Çok önemli bir diğer husus daha var ki o da geniş istihdam olanakları sağlayan sanayiye ve teknolojiye yapılacak yatırım. Ancak bugün Türkiye’de yatırım yapabilecek sermayeye sahip olan pek çok kişi için finanstaki rant daha zahmetsiz, risksiz ve daha fazla kazanç getirir olarak görülmektedir. Bu en az 15 yıldır böyle. Tatlı kazanç dururken de hiç kimse riske girip Türkiye’de fabrika kurmuyor. Çünkü ülkemizde sadece bir tuşla milyarlar kazanılabilecek yatırım olanakları mevcut. Öyle ki büyük parası olanlar borsayı bile riskli buluyor ve sadece kur korumalı mevduat (KKM), altın ve dövize yaptıkları yatırımlarla milyonlarına milyon katabiliyorlar. Dolayısıyla kolay ve zahmetsiz rant “atıl tasarrufları” da artırmaktadır.
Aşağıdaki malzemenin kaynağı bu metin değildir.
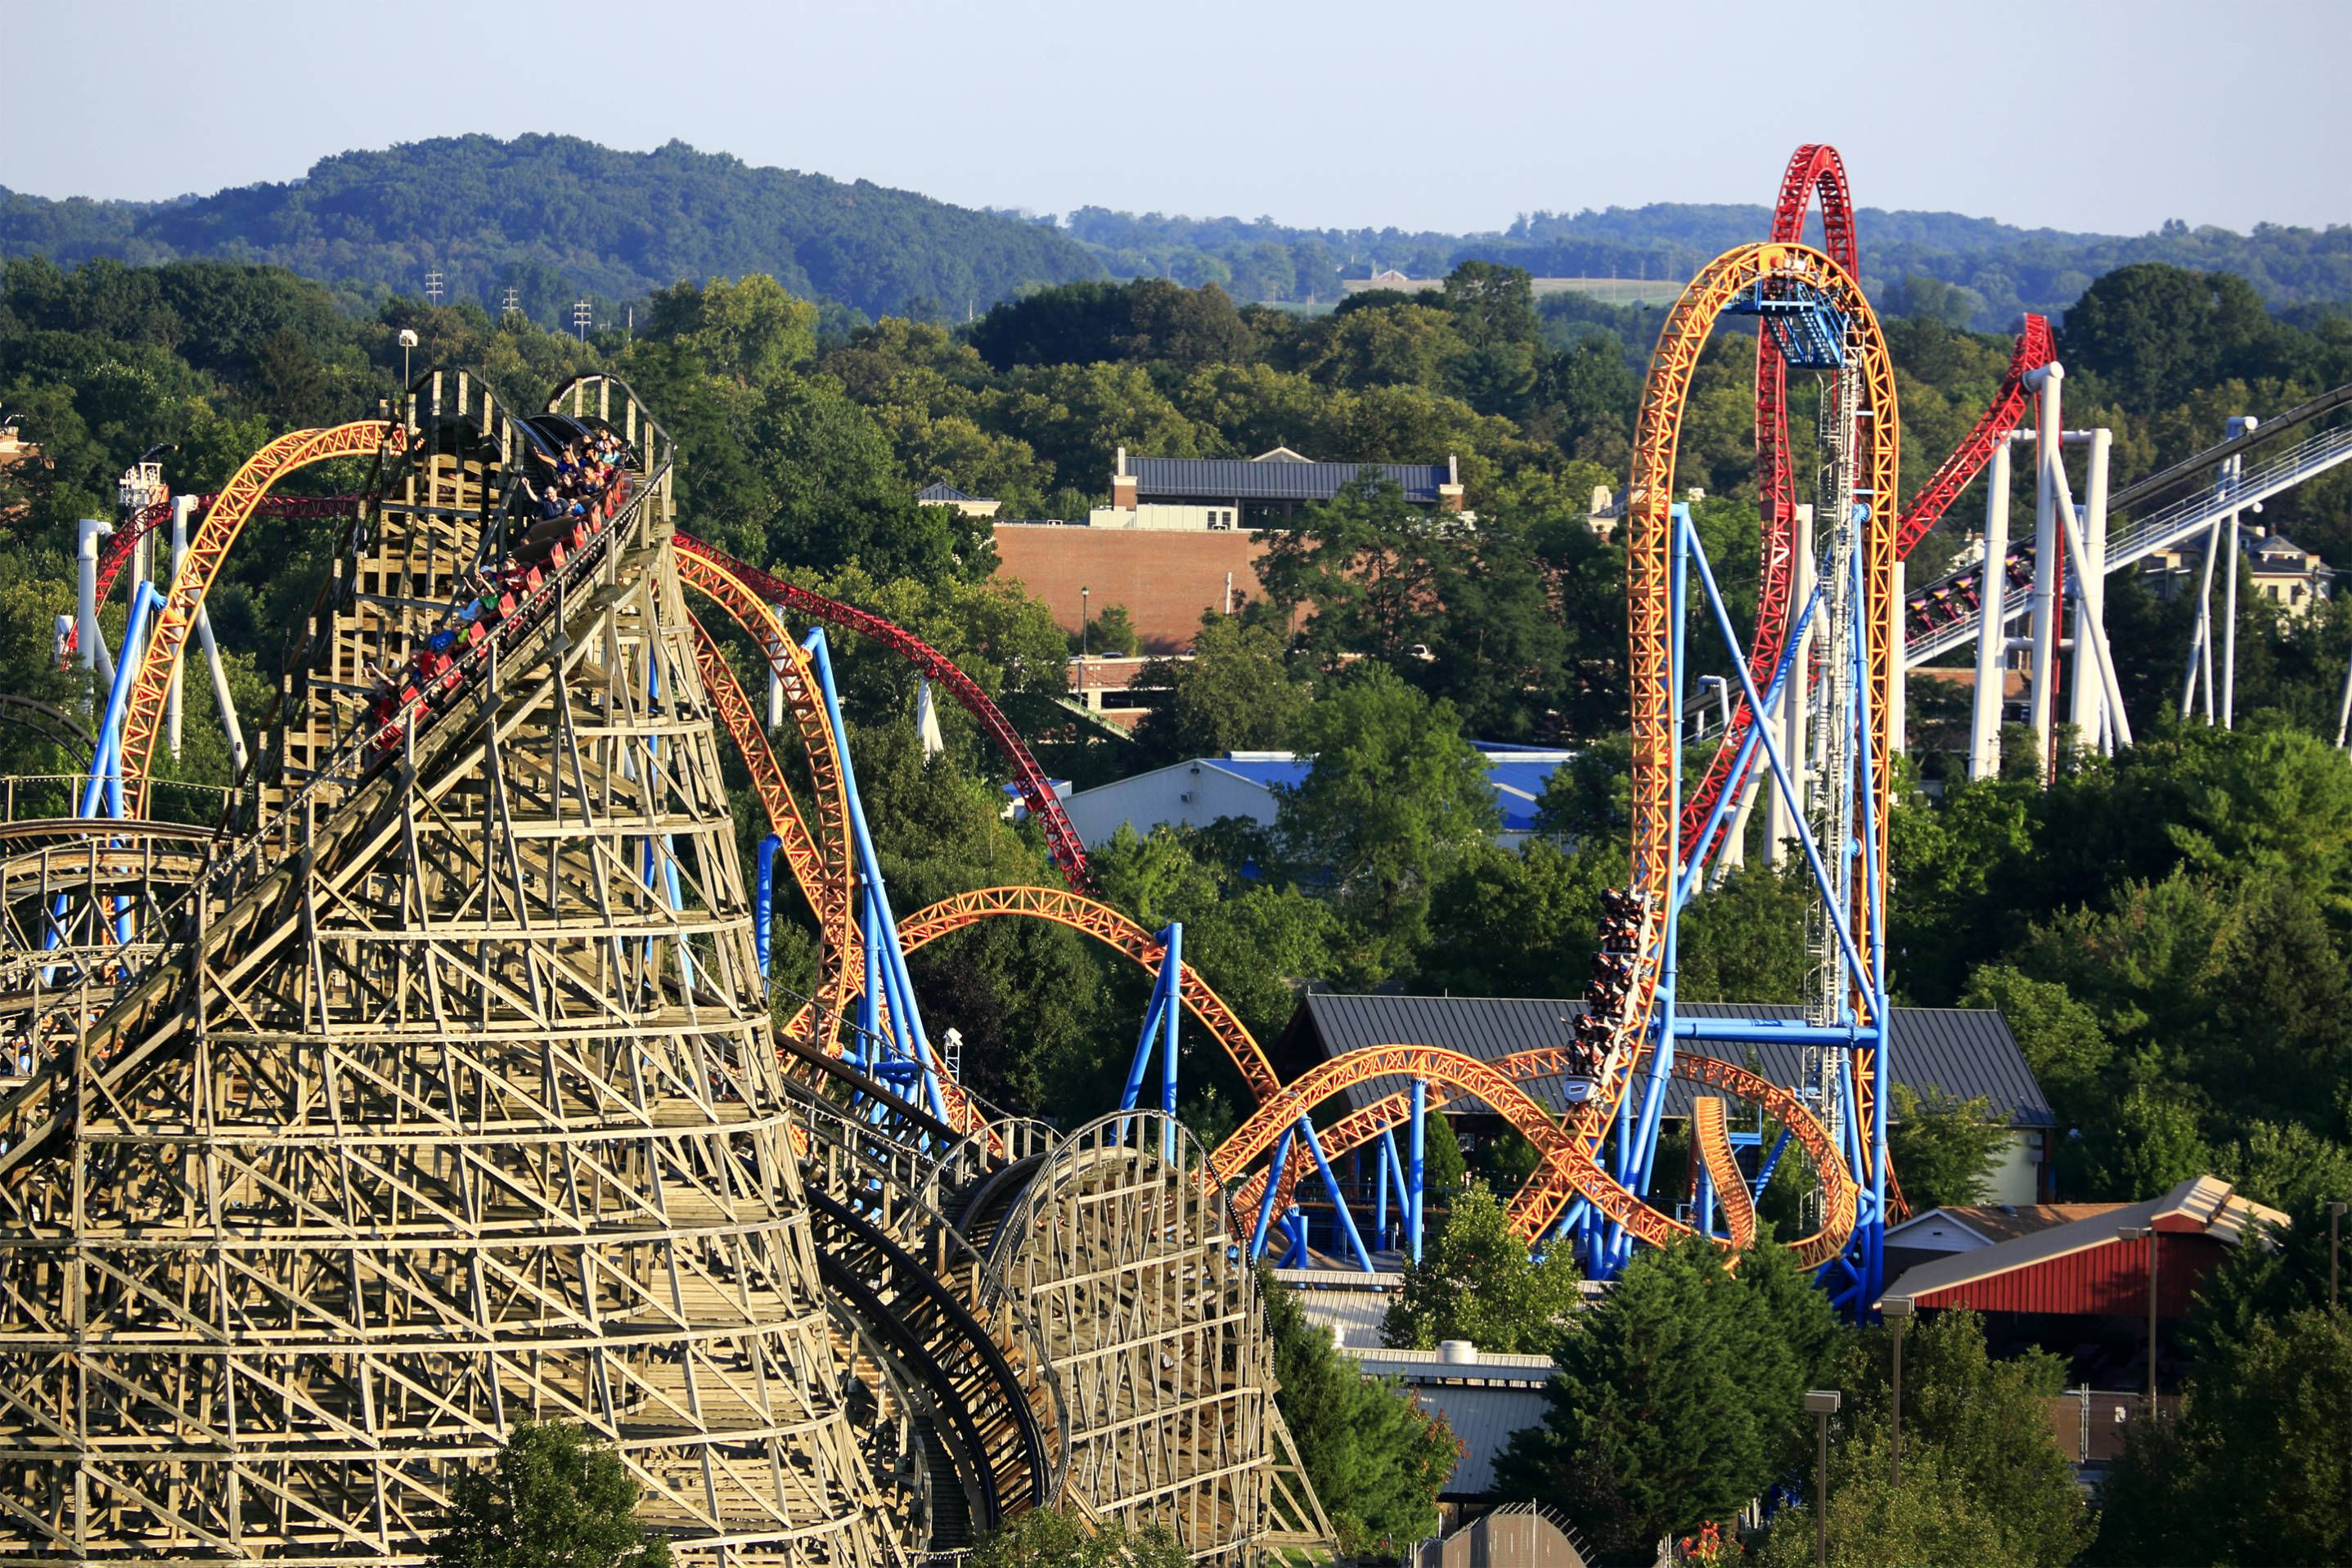 hersheypark-rollercoaster

Geliri düşen dar ve sabit gelirli geniş kesimlerin ise geçim sıkıntısı ile bütçeleri “eksi bakiye” vermekte ve bu şekilde yaşamlarını sürdürmeye çalışmaktadırlar. Bu durum da Türkiye’de tüketim harcamalarının azalmasına ve yatırım harcamalarında daralmaya neden olmaktadır. Tüm bunlar “tasarruf paradoksu”nu ortaya çıkartmaktadır. Bunun sonucu da “ekonomik büyüme”nin yavaşlamasıdır.
Tasarruf yapamayan ve yatırım için sermayeye ihtiyaç duyan Türkiye ekonomisinin umudu, kısa vadede yabancı sermaye olmalıdır. Ancak yabancı sermayeden kastım, üreten, teknoloji getiren yabancı sermayedir. Telekom’daki gibi yabancı sermaye gelecekse hiç gelmesini de arzu etmem. Örneğin Çankırı’da Japon sermayesi Sumıtomo Rubber Ako tarafından kurulan fabrikada Dunlop ve Falken marka günde 30 bin araç lastiği üretilmektedir. 2022’de 2 bin 470 çalışanı olan fabrikadan gece vardiyasından çıkan yüzlerce işçiyi taşıyan otobüsler peş peşe her sabah Çankırı’ya doğru yola çıkarlar. Ben Sosyal Bilimler Enstitüsündeki eğitimim için Çankırı’ya gidip gelirken sabah saatlerinde üzerinde Falken/Dunlop yazan yüzlerce servis aracını gördüğümde bu kadar işçinin Çankırı’ya olan katkısını düşünmüş ve tek bir fabrikanın koskoca bir il nüfusuna katkısını somut ve net olarak gözlemlemiştim. Çankırı örneğinde 20 ilde daha yabancı sermaye sahibini ülkemize getirebilsek sadece 20 ilimiz kurtulmaz, bunların ülke ekonomisine katkısı ile Türkiye ekonomisi de nefes alır.
Dolayısıyla enflasyonla mücadelede para politikalarının yanı sıra sermayeyi daha açıkçası “atıl tasarruf”ları harekete geçirmek ve üretim alanları oluşturmak da bir o kadar önemlidir. Bu amaçla sanayi ve organik/endüstriyel tarım yatırımları cazip hâle getirilmeli, bu yönde yatırım yapan iş adamlarına “Devlet Üstün Hizmet Madalyası” verilmelidir. Paradan para kazanma yöntemlerinden bir an önce çıkılarak “üretim ekonomisi”ne geçilmeli, bir taraftan da yabancı sermayenin ülkemizde yatırım yapabilmesi için gerekli ortamlar yeniden gözden geçirilmelidir. Bu çerçevede yabancı sermayenin tereddütlerini giderecek adımlar da biran önce atılmalıdır. Enflasyonla mücadelede son dokunuşu da devletimiz kamuda başlatacağı “tasarruf seferberliği” ile yapmalıdır.